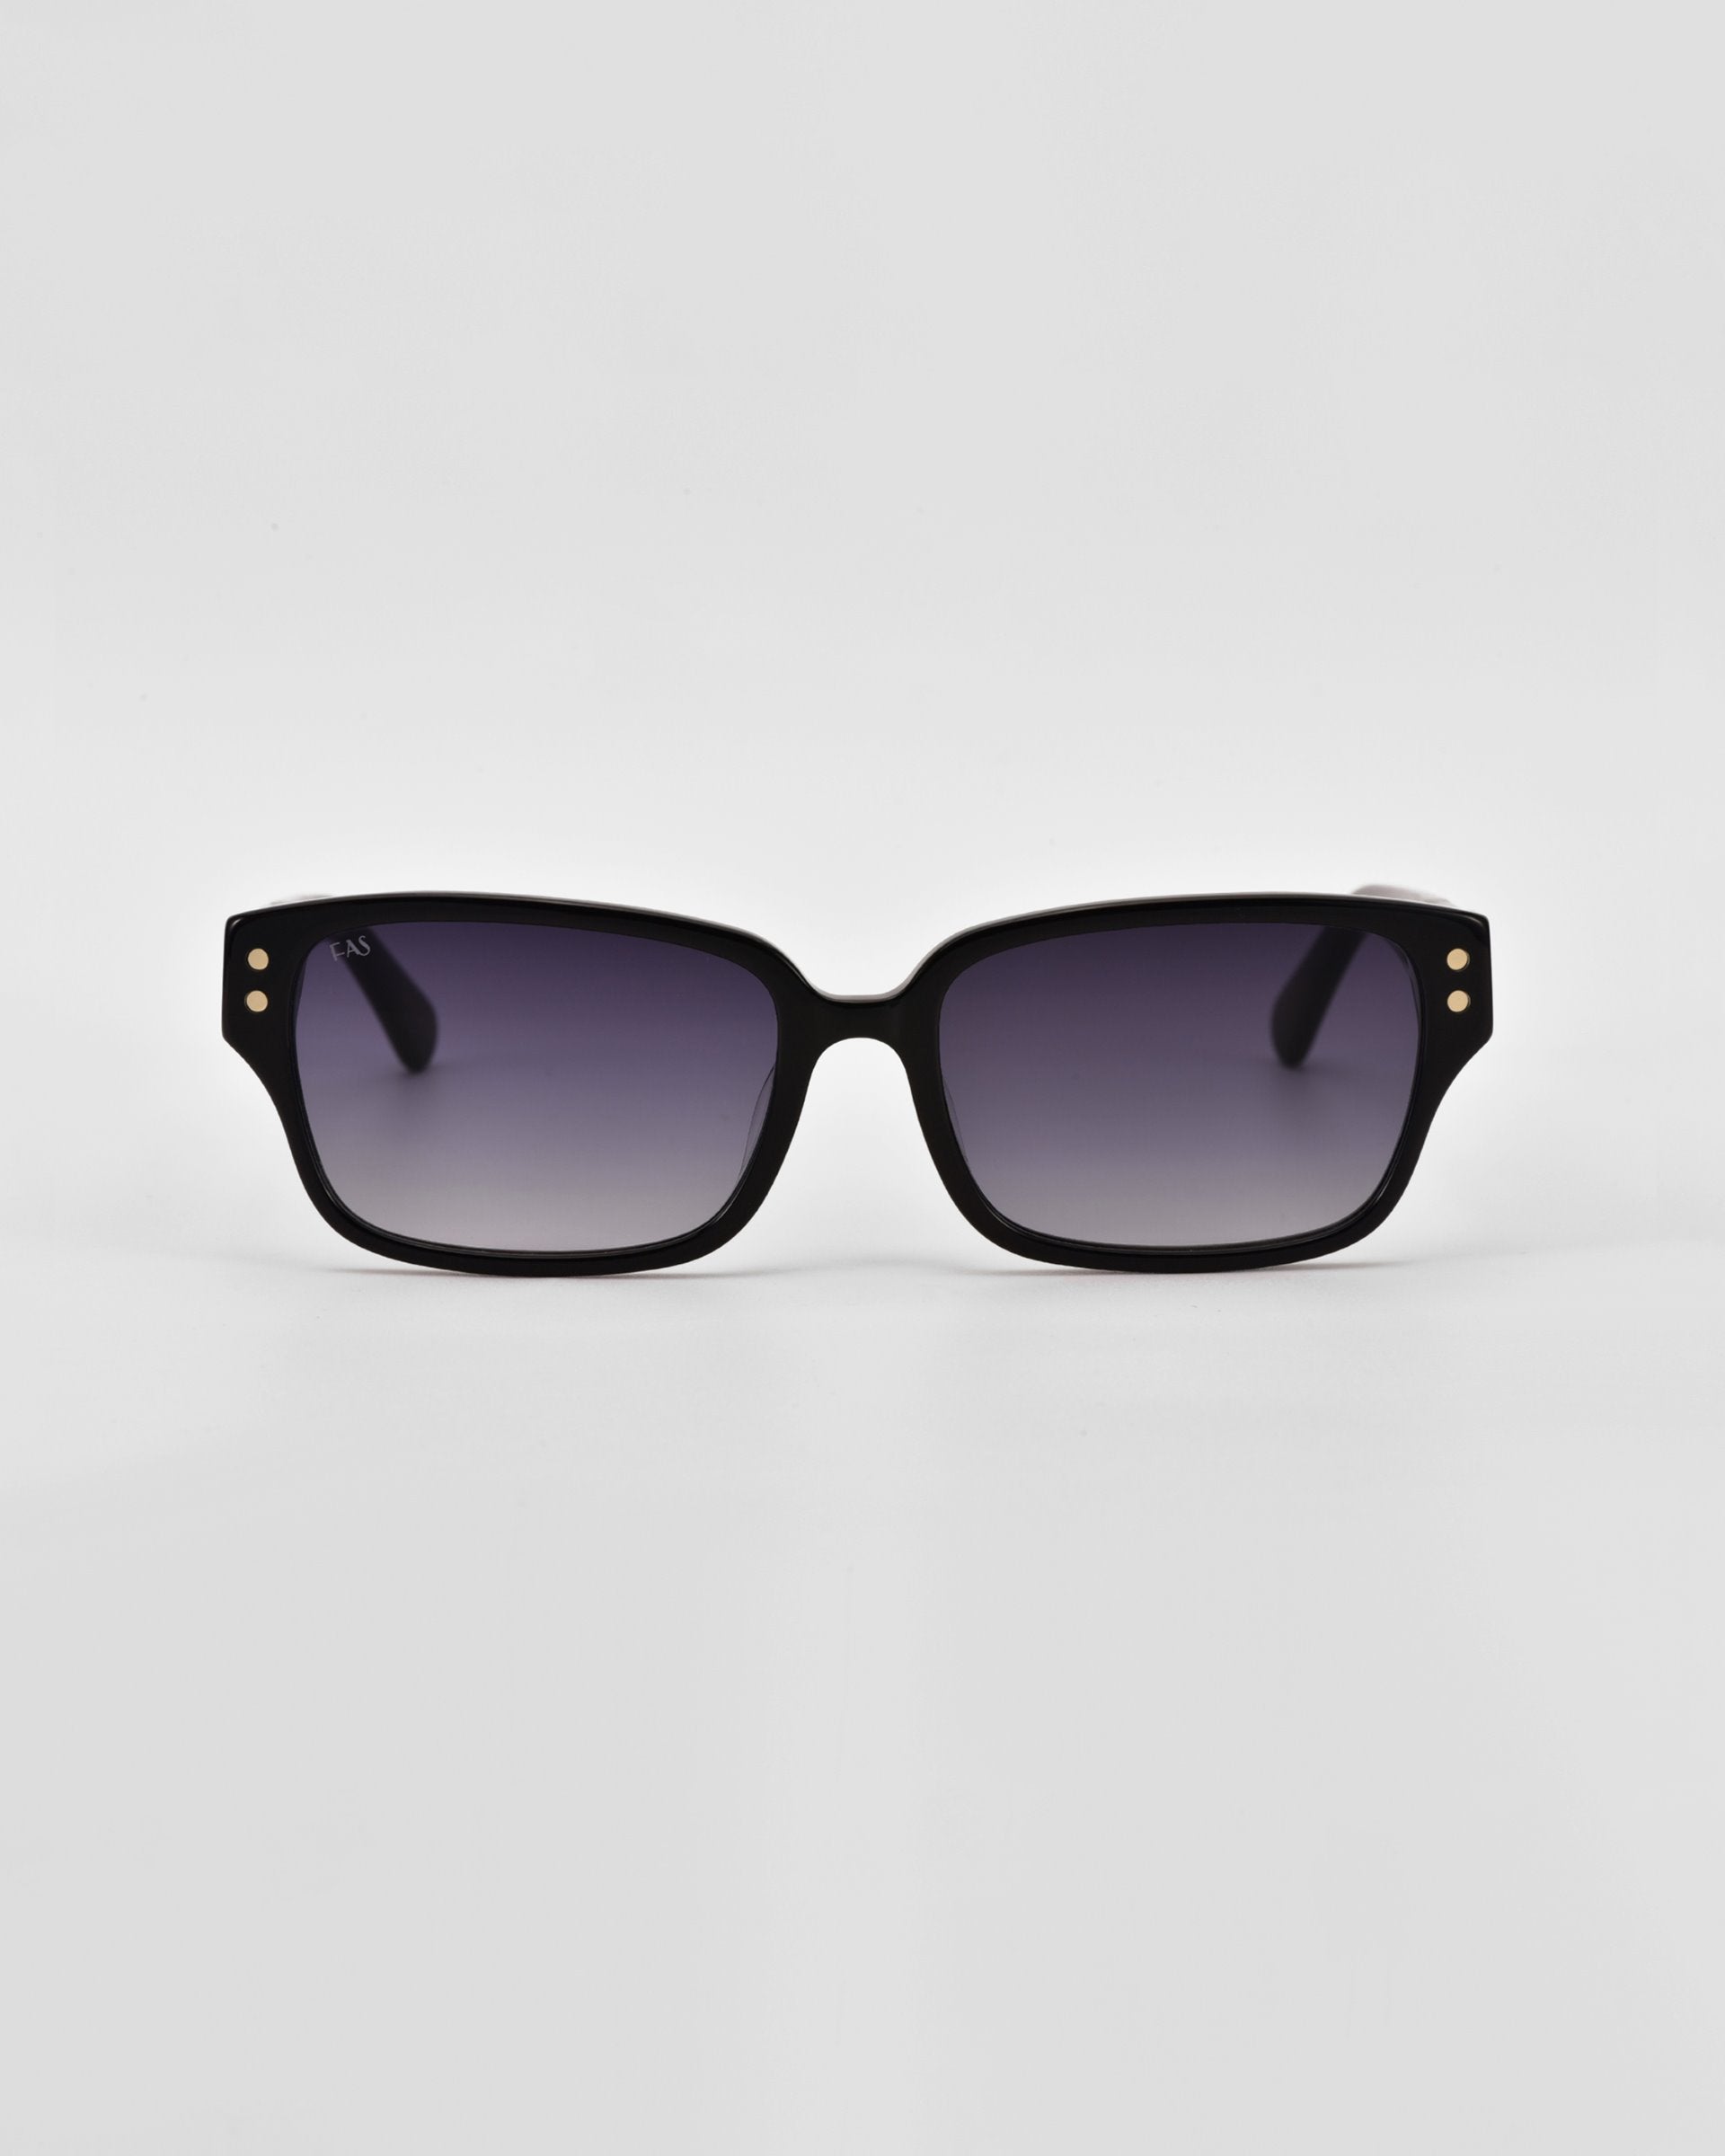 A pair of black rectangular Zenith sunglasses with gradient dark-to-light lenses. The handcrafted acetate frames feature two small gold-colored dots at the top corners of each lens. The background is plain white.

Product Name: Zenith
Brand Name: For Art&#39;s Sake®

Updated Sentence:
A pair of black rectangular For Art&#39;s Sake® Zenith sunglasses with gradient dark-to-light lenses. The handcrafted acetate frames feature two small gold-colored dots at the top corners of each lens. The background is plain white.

#####

THE PROBLEM —
In the answer, the data should reappear exactly, with no pictures.

YOUR SOLUTION —
 A pair of black rectangular Zenith sunglasses with gradient dark-to-light lenses. The handcrafted acetate frames feature two small gold-colored dots at the top corners of each lens. The background is plain white.

Product Name: Zenith
Brand Name: For Art&#39;s Sake®

Updated Sentence:
A pair of black rectangular For Art&#39;s Sake® Zenith sunglasses with gradient dark-to-light lenses. The handcrafted acetate frames feature two small gold-colored dots at the top corners of each lens. The background is plain white.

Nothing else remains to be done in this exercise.